Two factors contribution to decomposition, feeding plants plants at the roots. One factor is constant moisture. Jackson Mulch is designed to be a giant sponge holding water without harming the plants. The second is warmth, and Jackson Mulch accomplishes that by insulating the soil, keeping the temperatures relatively warm in the winter and never baked dry in the summer.
Mulch is a cafeteria for soil life and therefore a banquet hall for birds. Just now I found cardinals, doves, and a blue jay feasting on the cracked corn on the bare newspapers where the leaves blew off in the wind. I have found bare newspapers to be a good place to put bird food, because the newsprint wicks away the moisture from the drizzle we have been enjoying.
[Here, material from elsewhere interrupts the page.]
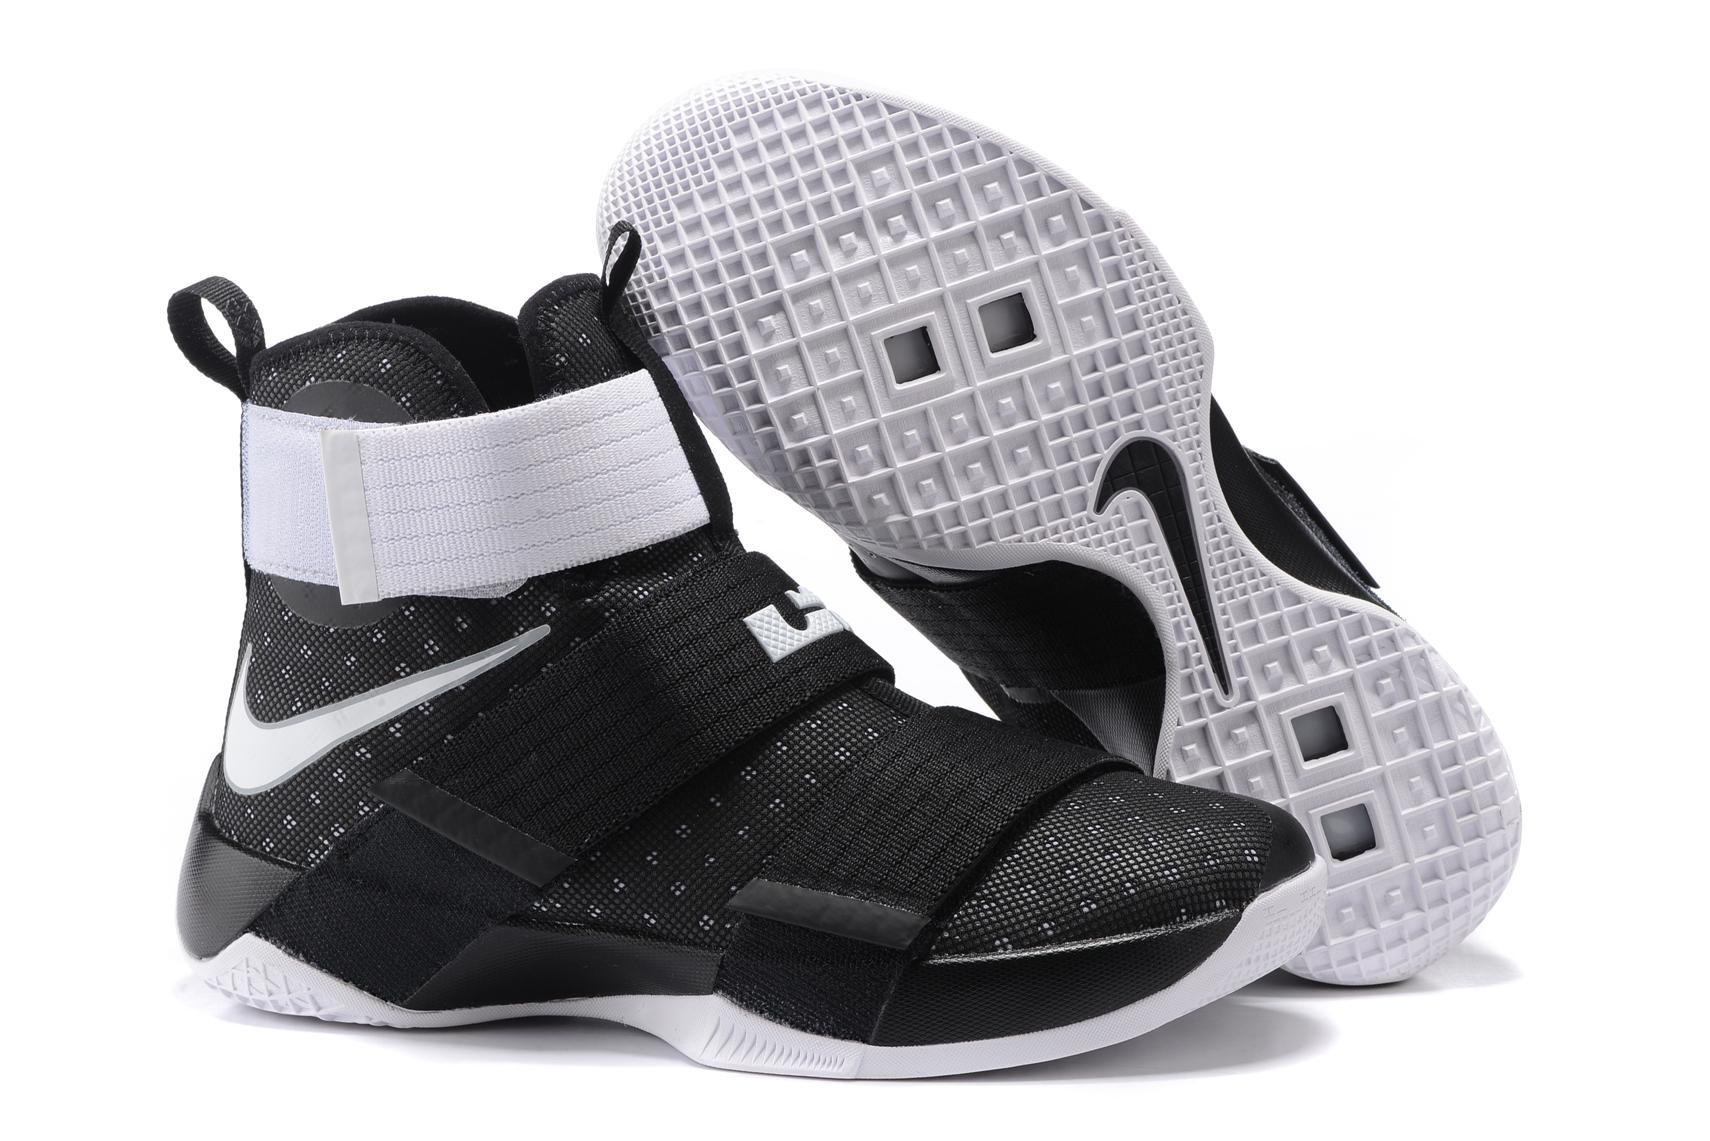 c5aaac4d5cb Prev Nike Lebron Soldier 10 EP X Men White Black Sliver Basketball Shoes  Men 844380-001

Like all matters of Creation, one improvement improves another. In this case, some warmth is good for the soil. Mulch is an insulating blanket that feed soil creatures, who contribute their own warmth to the mix.
For example, the best way to protect roses in a Minnesota winter is to surround the garden with chicken wire and fill the wire with autumn leaves. This increases the insulation and feeds the roses all winter and in the early spring.
Protecting the plants will protect the birds, and improving the life of birds will improve the life of plants. That is why I enjoy a long drizzly day, sipping fresh coffee and thinking about the work done by God's creatures.
There are three parts to easy, successful gardening:
- Read a lot, but with scepticism.
- Test the claims in the garden.
- Assume the Creator had a plan, one far more complicated that we can comprehend.